The following table provides a brief description of the common terms used in connection with the NGN Program.

30 Days Delinquent – The percentage of loans underlying a Security that are 30 to 59 days behind on their scheduled payments.

60 Days Delinquent – The percentage of loans underlying a Security that are 60 to 89 days behind on their scheduled payments.

90 Days Delinquent – The percentage of loans underlying a Security that are 90 to 180 days behind on their scheduled payments.

Agency Mortgage-Backed Security (MBS) – A type of Mortgage-Backed Security backed by government guaranteed mortgage loans.

Alt-A Loans – Loans extended to borrowers who have a high credit quality but whose characteristics fall outside the margins of Conforming Loan guidelines, such as higher loan-to-value (LTV) ratios or inadequate documentation.
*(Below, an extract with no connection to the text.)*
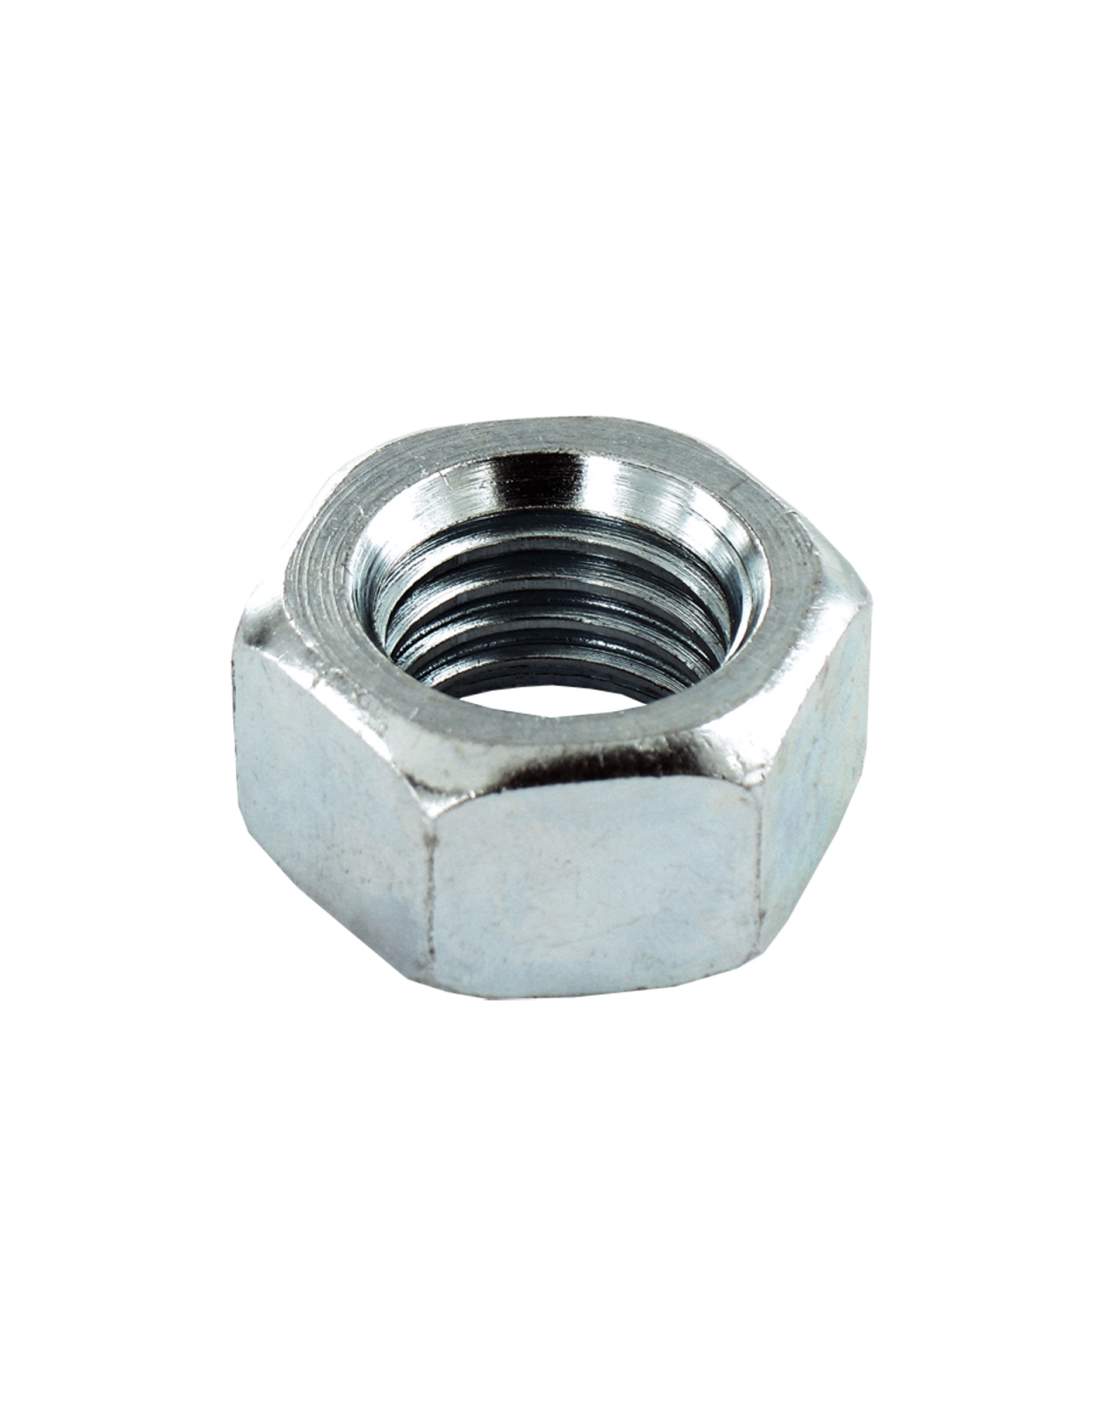 Hexagonal nut in galvanized steel, diameter 18mm, 2 pcs.

Asset-Backed Security (ABS) – A security whose value and payments are derived from and collateralized (or backed) by the expected cash flows of pools of income-generating assets. The asset pools may include credit card payments and auto loans, or esoteric cash flows such as aircraft leases, royalty payments and movie revenues.

Asset Management Estate (AME) – Estate that holds the assets of a failed institution. Commonly administered by NCUA's Asset Management and Assistance Center, to which the NCUA Board has delegated statutory authorities providing broad supervisory and management powers over the credit union's assets and operations. These powers include the ability to facilitate funding and disposition of assets. Also known as a liquidation estate.

Collateral – Properties or assets that are offered to secure a loan and become subject to seizure upon default.

Commercial Mortgage-Backed Securities (CMBS) – A type of Mortgage-Backed Security backed by commercial mortgage loans.

Coupon Rate – The scheduled interest earned on a security, expressed as a percentage of the outstanding balance.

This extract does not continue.